Hi all, I have kept planted tanks off and on in the past and am now getting the urge to get back into things and am starting to lurk in the forums trying to figure out the latest and greatest. Its amazing how much trends seem to change in just a couple of years time. One thing that appears to be different this time around is the substrate du jour appears to be ADA aquasoil. A couple of years ago when I was participating, flourite was the substrate of choice. Anyways, I have been digging through the forums and am seeing lots of folks are excited about Aquasoil and powersand. My question is, can anyone point me to an Aquasoil primer. I have basic questions on the process, quantities required, best place to buy, etc. I'm also interested in why flourite seems to have lost favor with the planted tank wizards  


Thanks,
Will


----------



## southernflounder (Nov 5, 2006)

Aqua Design Amano USA/ADGshop.com- now available in the U.S.A, prouldy offered by Aquarium Design Group. The finest planted aquarium products.


----------



## John N. (Dec 11, 2005)

Hi Will,

The trend away from Flourite can be explained by the improved growth reports by those who have used Aquasoil. The fact that Aquasoil leeched nutrients to the water column over time verses Flourite limited ability to do so is very appealing. Also Aquasoil doesn't require rinsing like flouite.

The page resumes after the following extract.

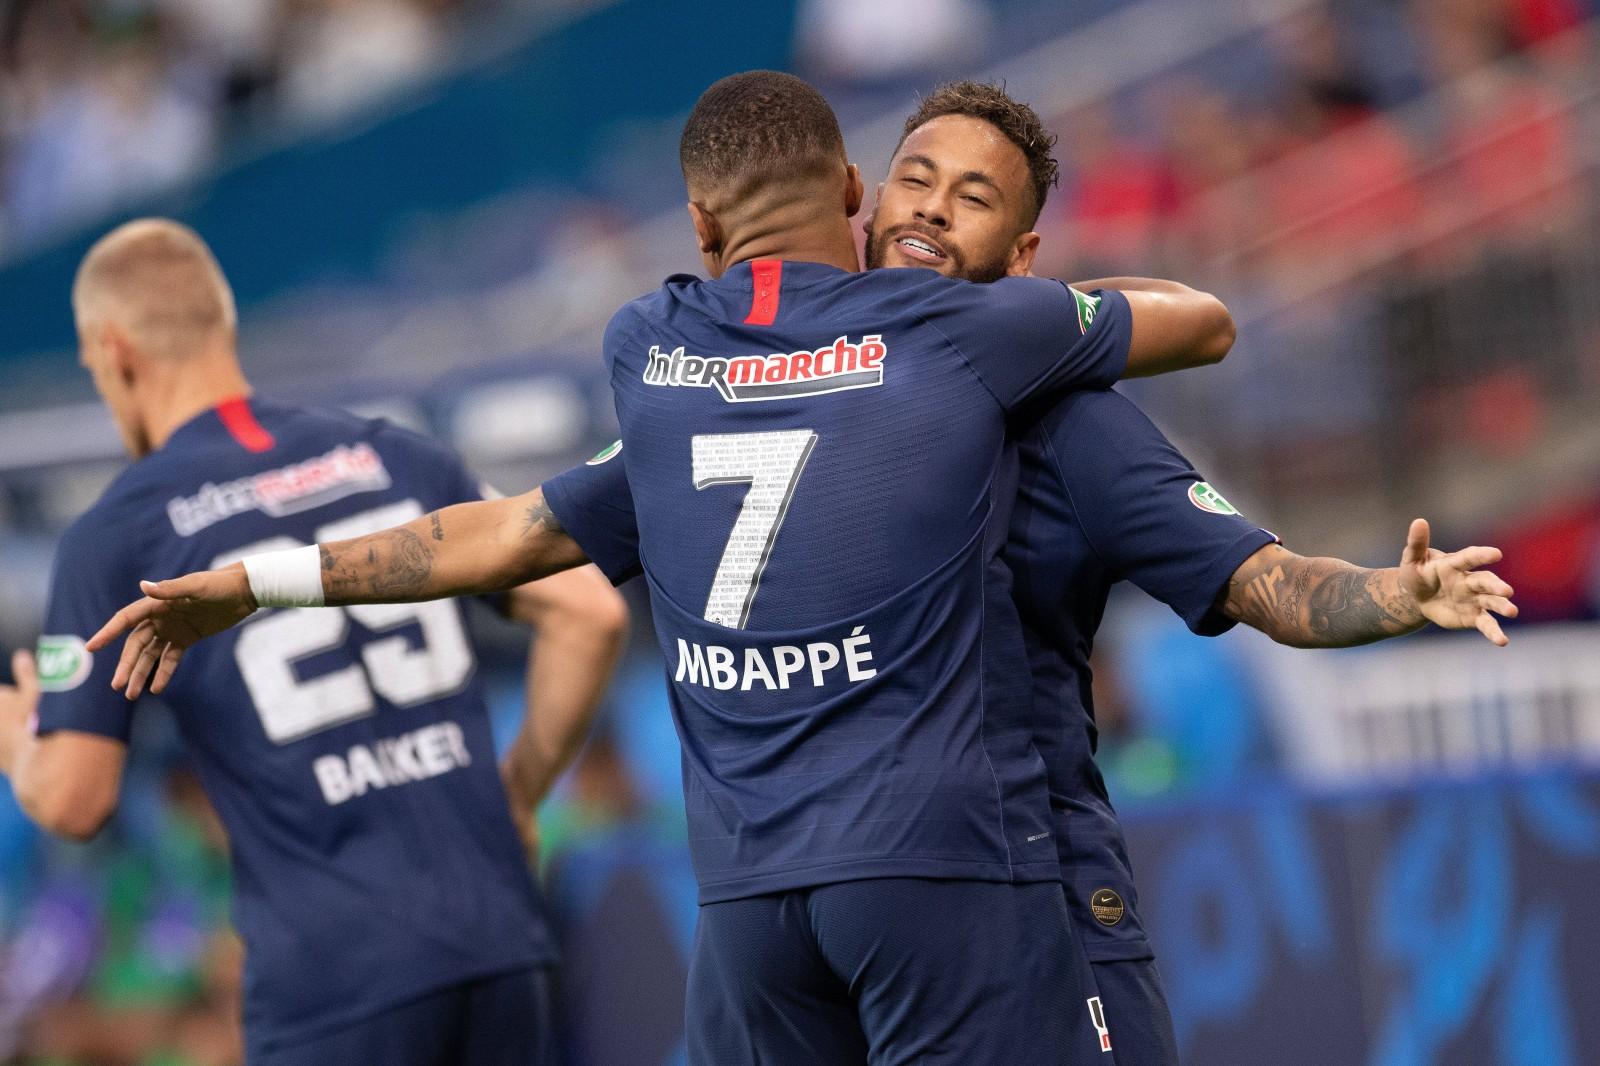 Mbappe Neymar
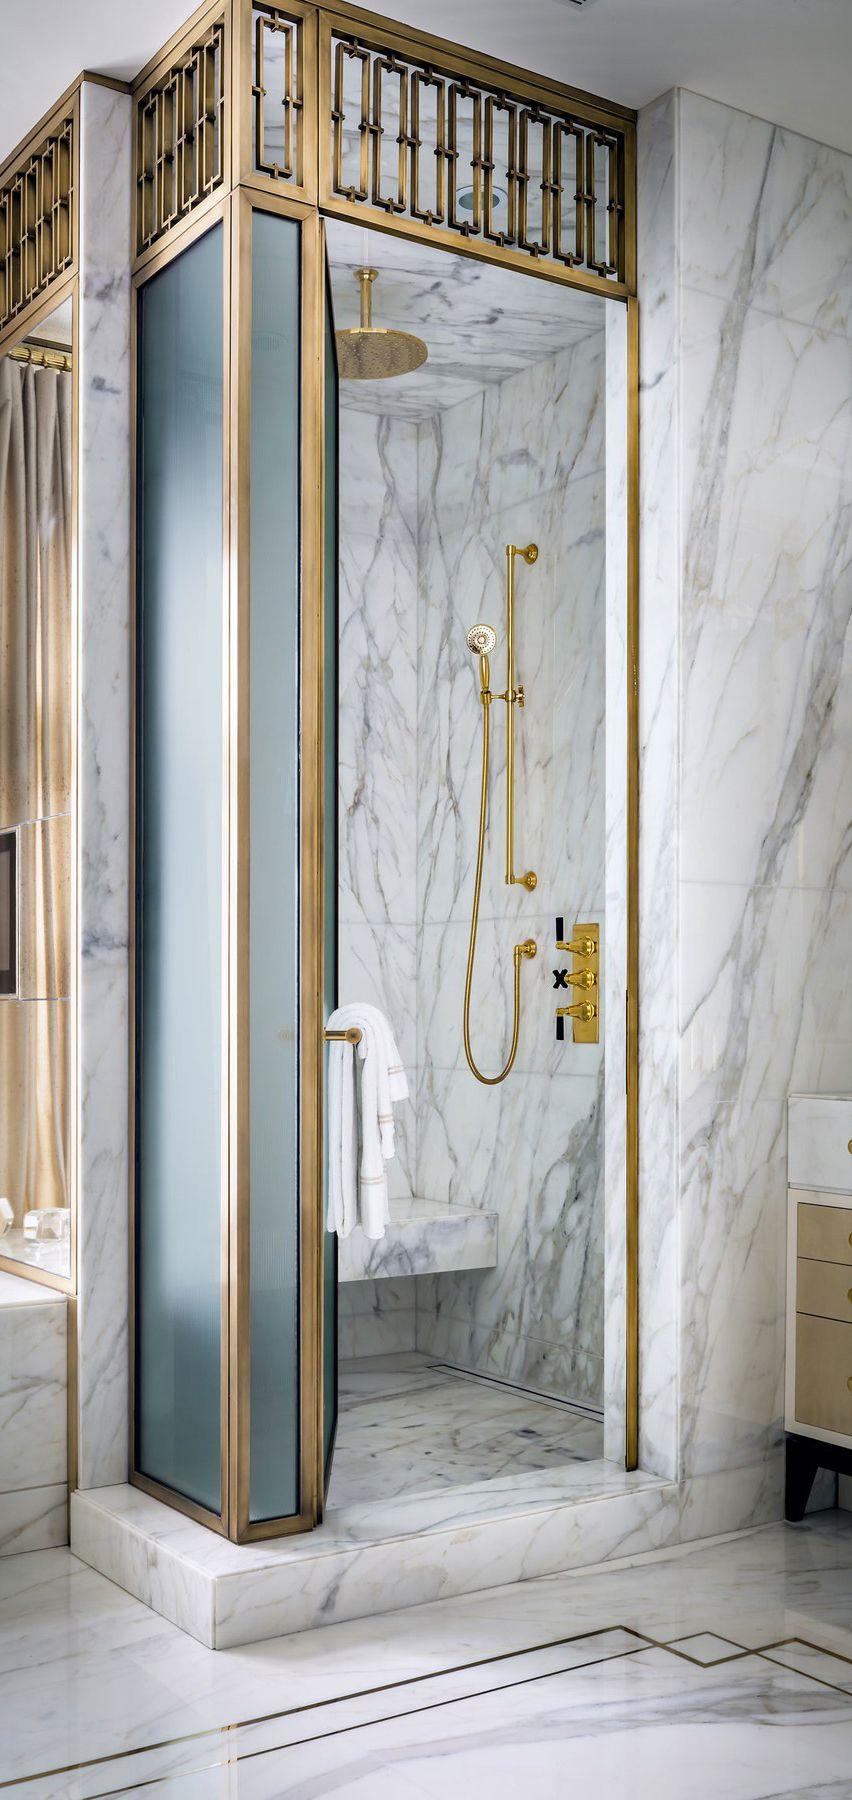 Bathroom Ideas | Beautiful Baths | Pinterest | Glamorous bathroom ...

Anyways, in addition Aquasoil used alone (without powersand) is the growing trend.

-John N.


----------



## epicfish (Sep 11, 2006)

Yep. I ordered a bunch of bags of ADA AS w/o PS to use in my 40 gal. breeder. =)

Had to take the plunge!


----------



## tefsom85 (Jan 27, 2007)

Thanks for the replies. I went to ADGs website and it appears like I would need 6 or 7 9-liter bags of Aquasoil for my 120. Does this sound right?


----------



## southernflounder (Nov 5, 2006)

tefsom85 said:


> Thanks for the replies. I went to ADGs website and it appears like I would need 6 or 7 9-liter bags of Aquasoil for my 120. Does this sound right?


I'm assuming that your 120Gal has a footprint of 72"x24", if that's the case then you'll need 9 bags of the AS.

Aqua Soil Amazonia


----------



## tefsom85 (Jan 27, 2007)

My tank is 48"x24". I went back and looked at the info. I hadn't paid attention to the dimensions and had only looked at the gallon info. Looking again it now looks like I would need 6 or 7 bags.

Attached is a quick and dirty graph for quantities required based on the info provided from the catalog page.


----------